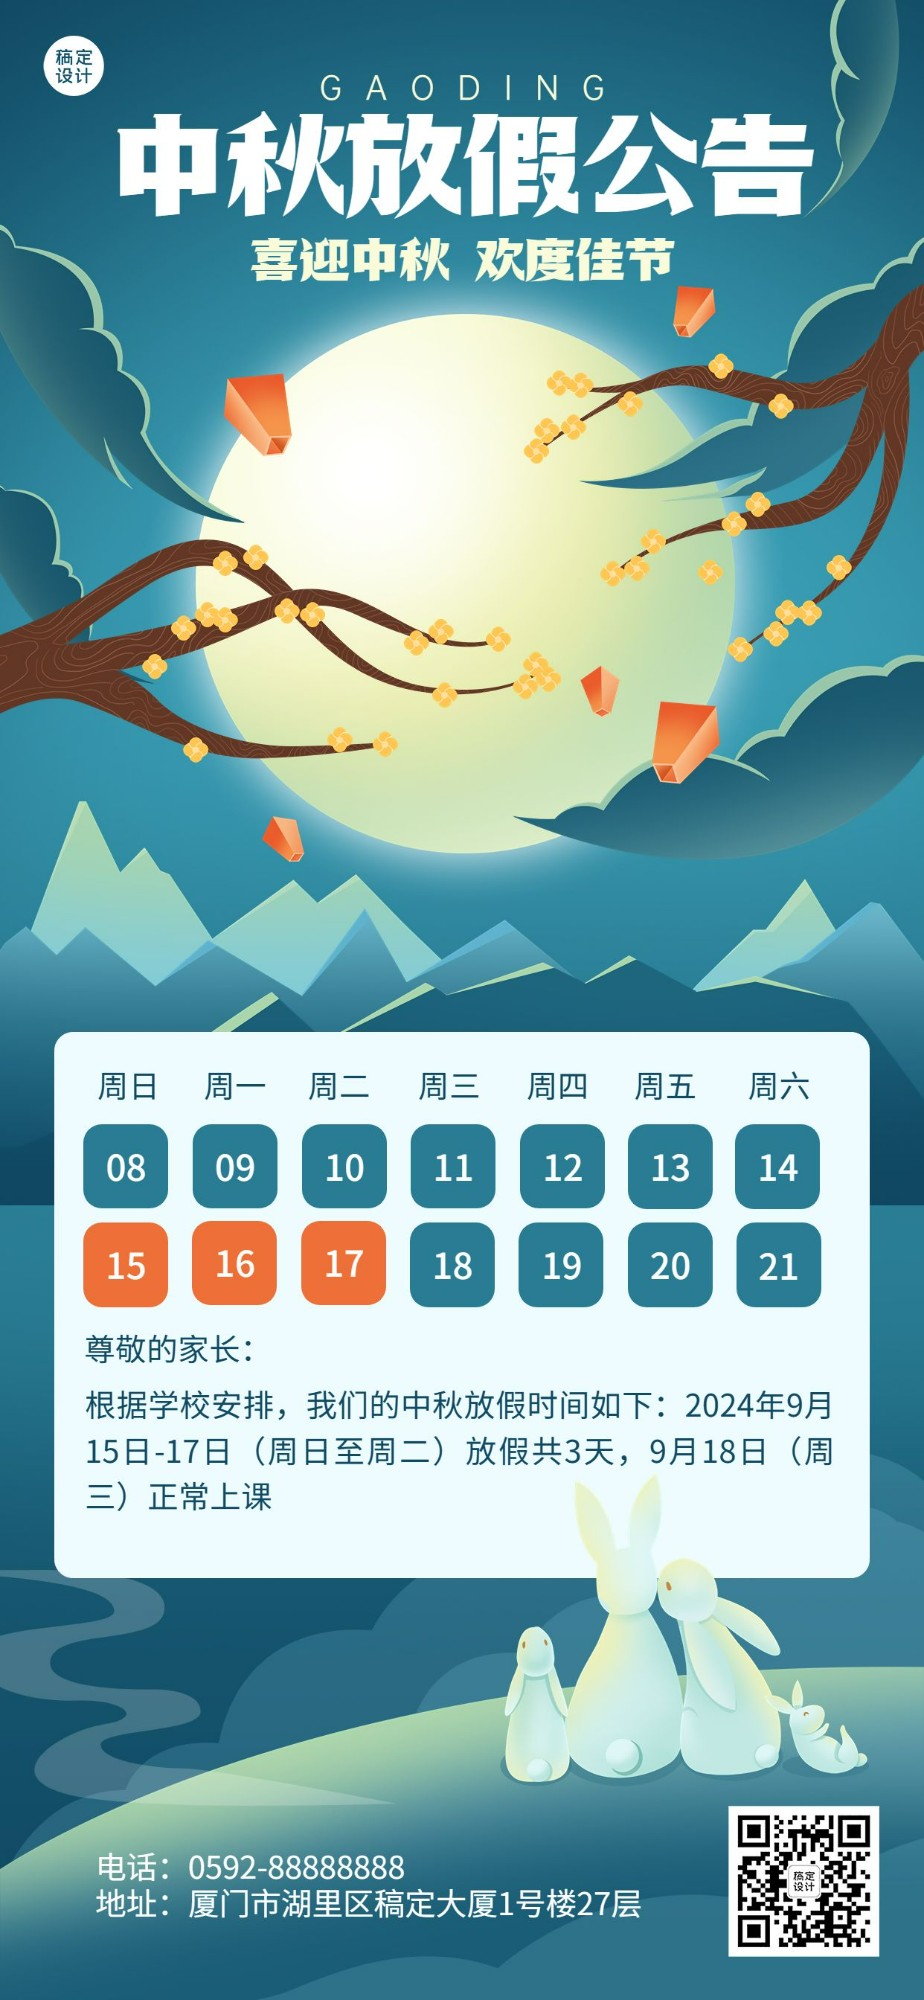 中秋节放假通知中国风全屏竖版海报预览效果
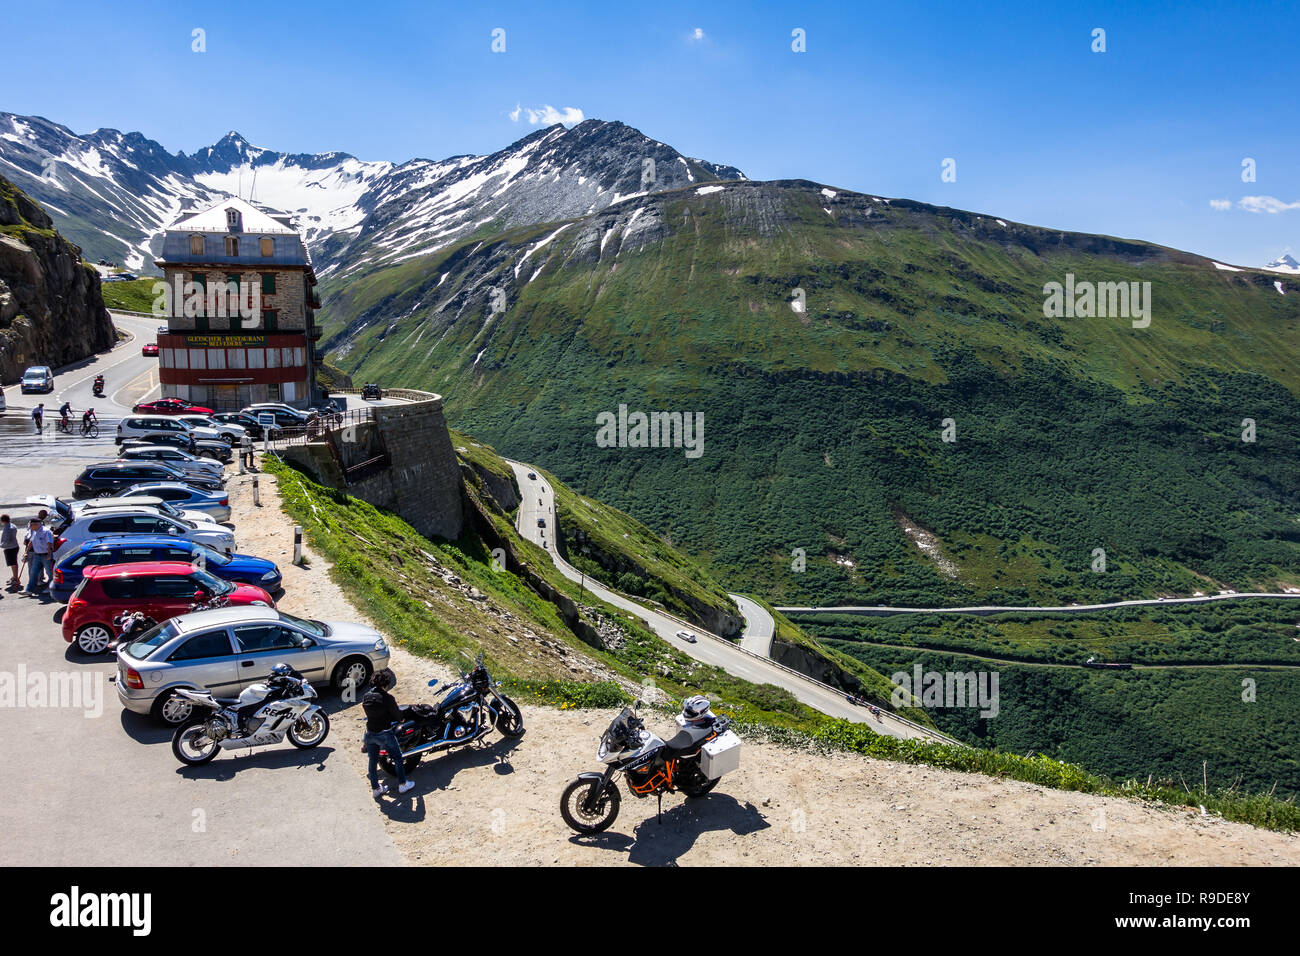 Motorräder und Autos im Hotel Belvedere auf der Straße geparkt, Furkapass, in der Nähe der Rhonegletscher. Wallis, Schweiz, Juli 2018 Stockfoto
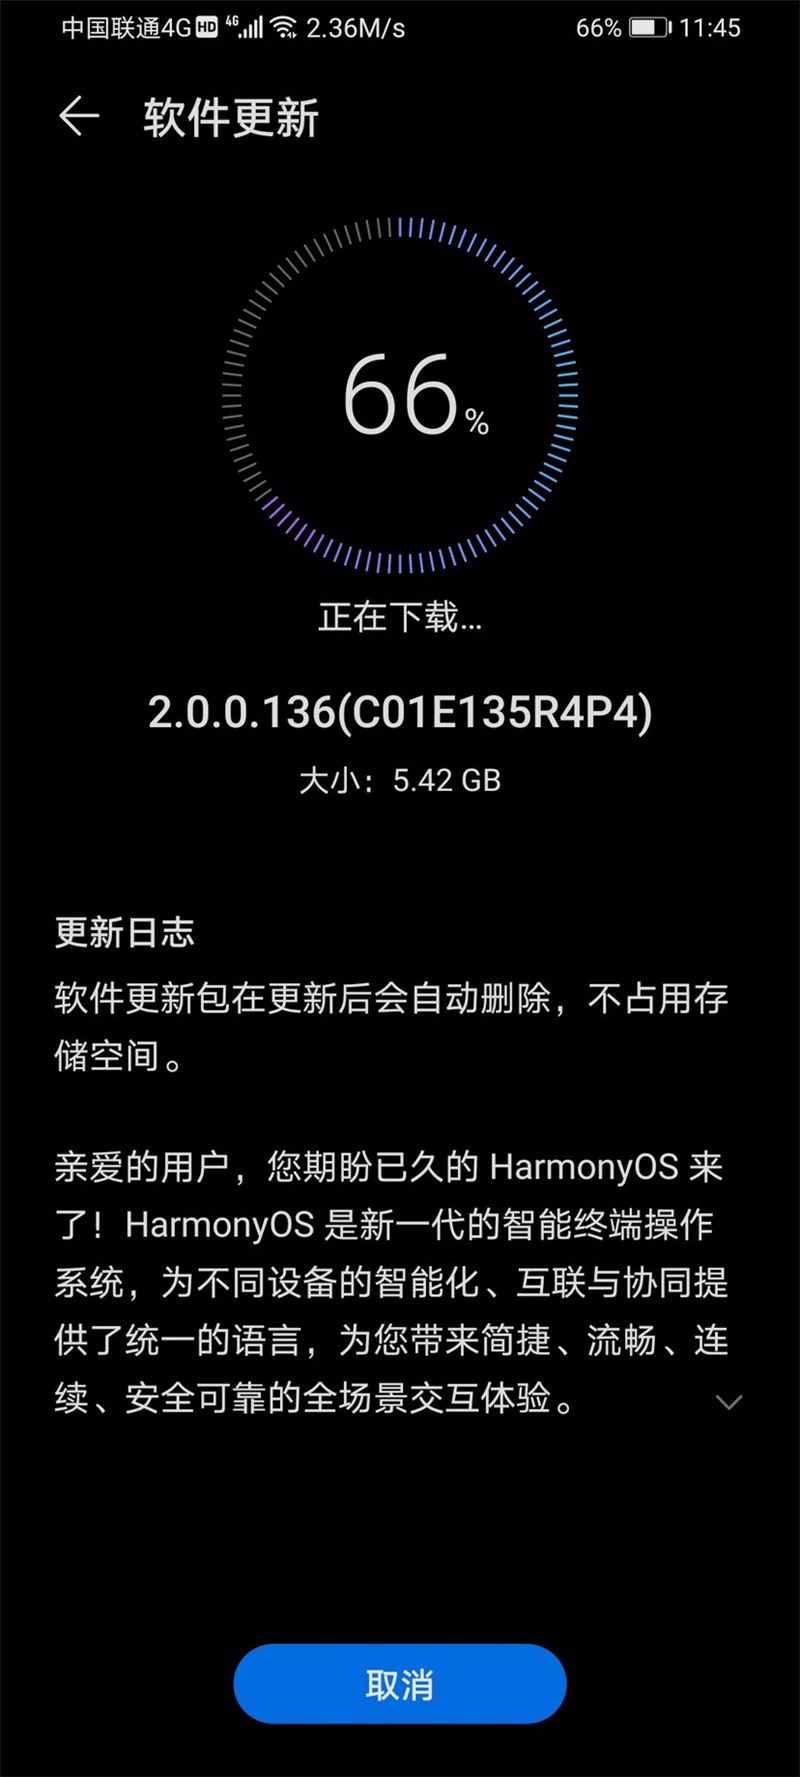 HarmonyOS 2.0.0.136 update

********************

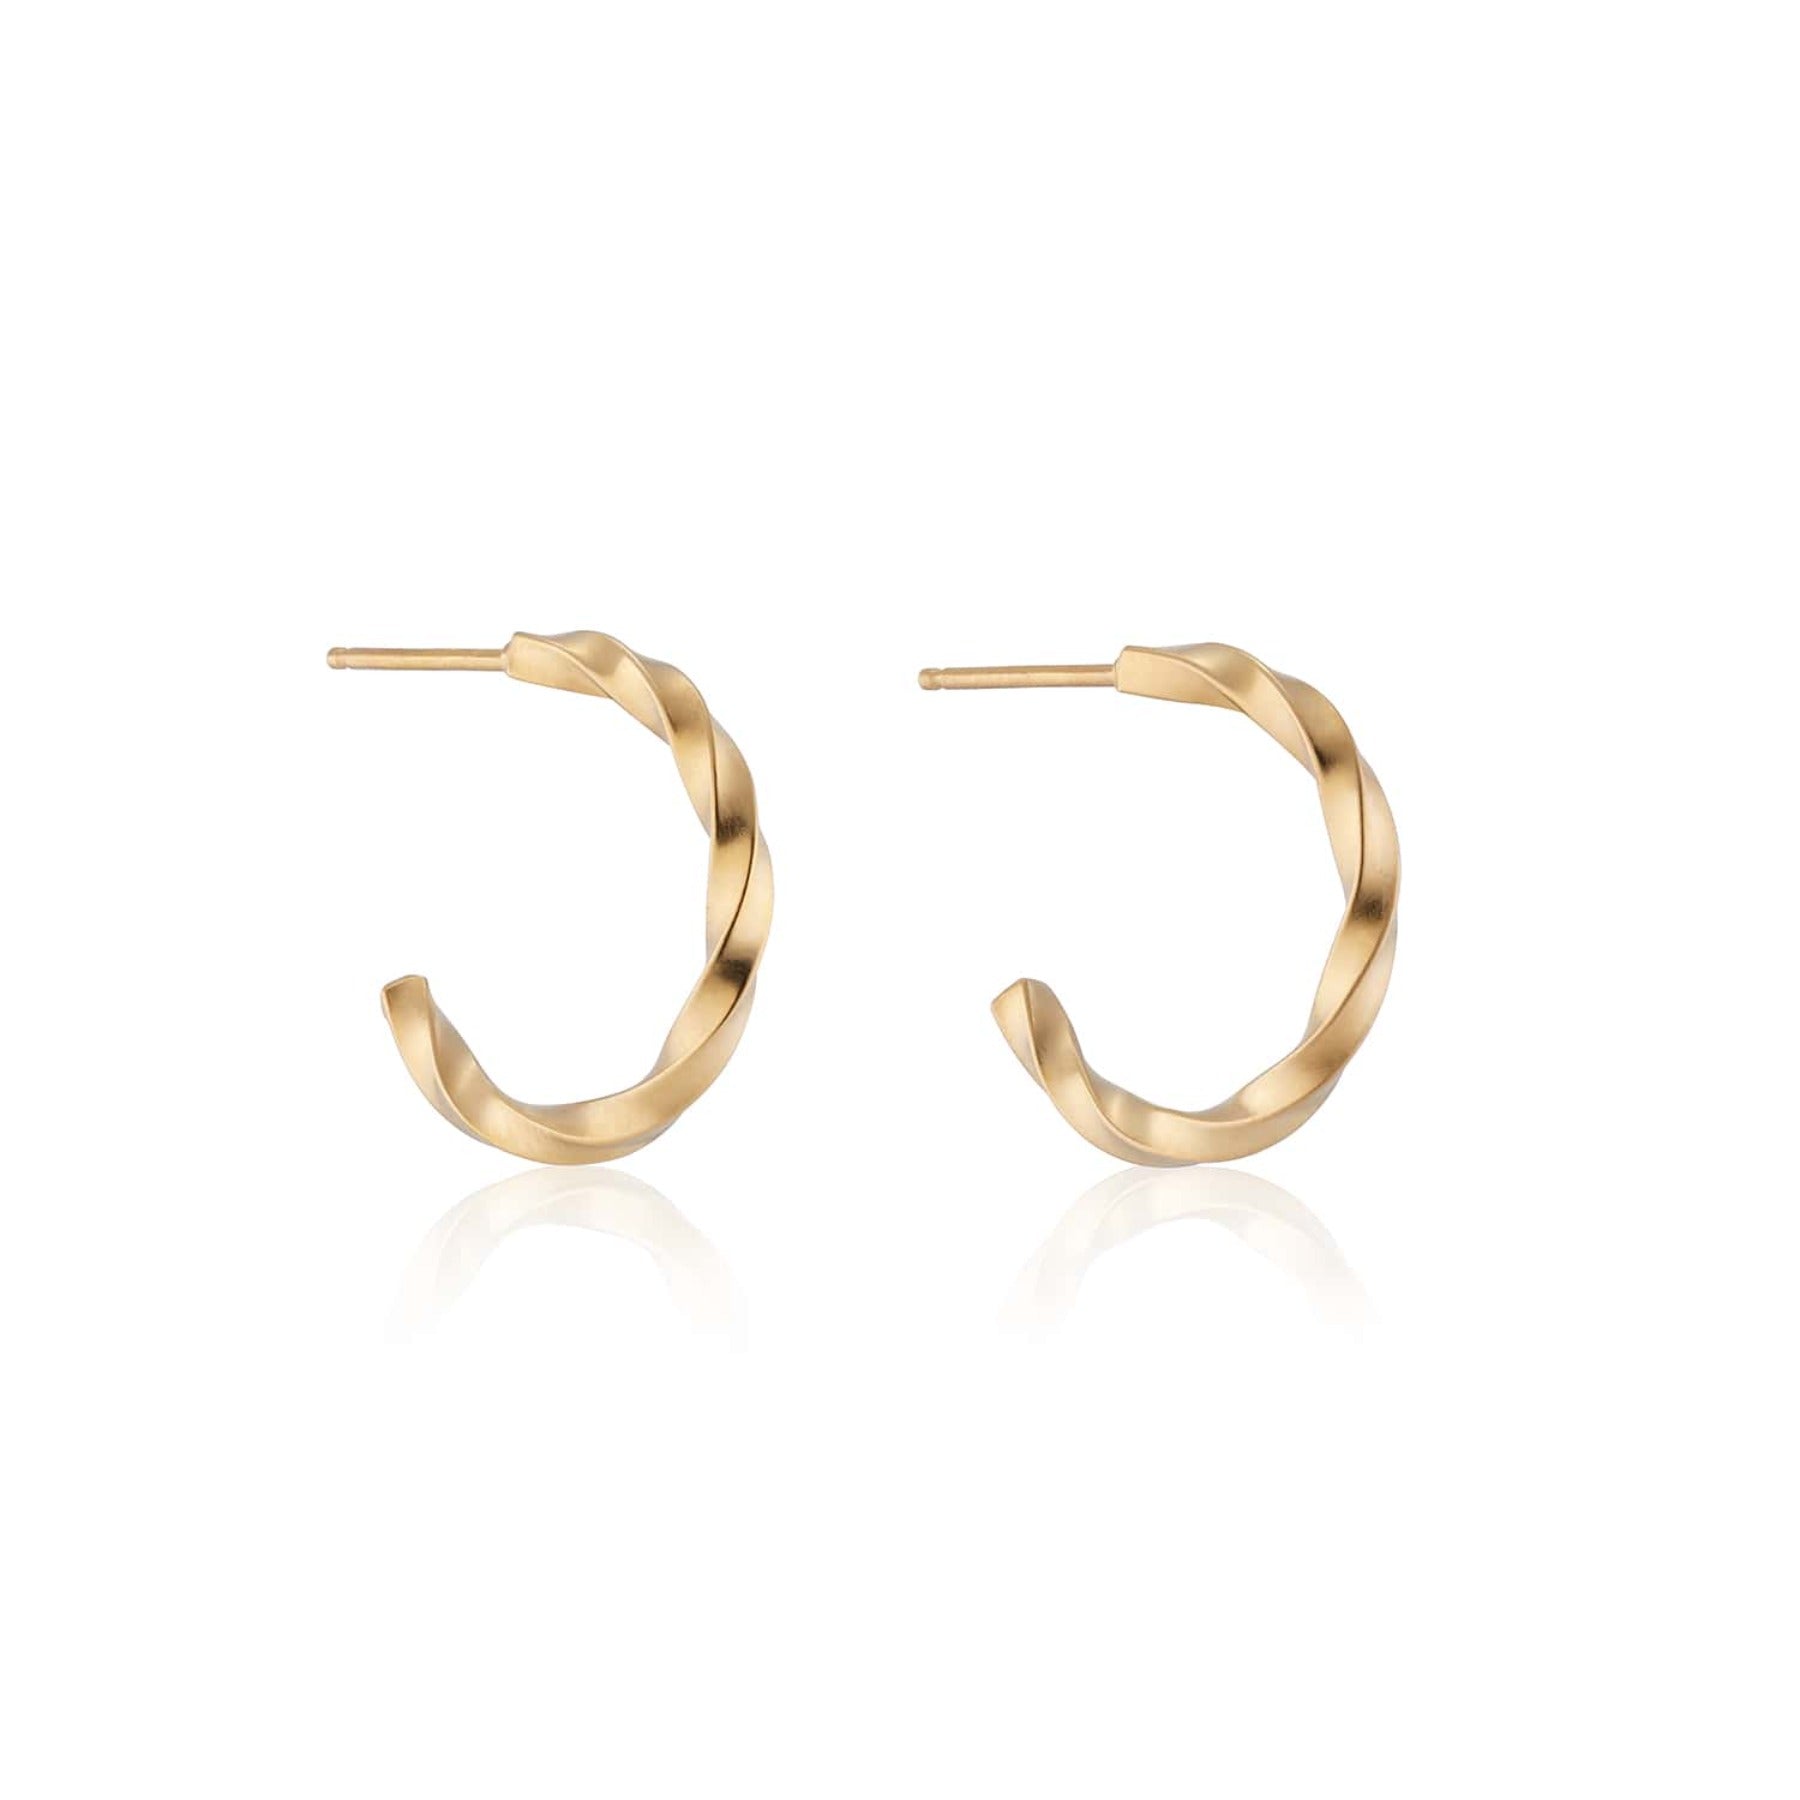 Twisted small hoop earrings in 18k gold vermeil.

********************

Write out exactly the run of lines above that starts at the line containing "中秋节放假通知中国风全屏竖版海报预览效果" and ends at the line containing "HarmonyOS 2.0.0.136 update". Include both, and leave the pictures out.

= Answer below =
 中秋节放假通知中国风全屏竖版海报预览效果
 Motorräder und Autos im Hotel Belvedere auf der Straße geparkt, Furkapass, in der Nähe der Rhonegletscher. Wallis, Schweiz, Juli 2018 Stockfoto
 HarmonyOS 2.0.0.136 update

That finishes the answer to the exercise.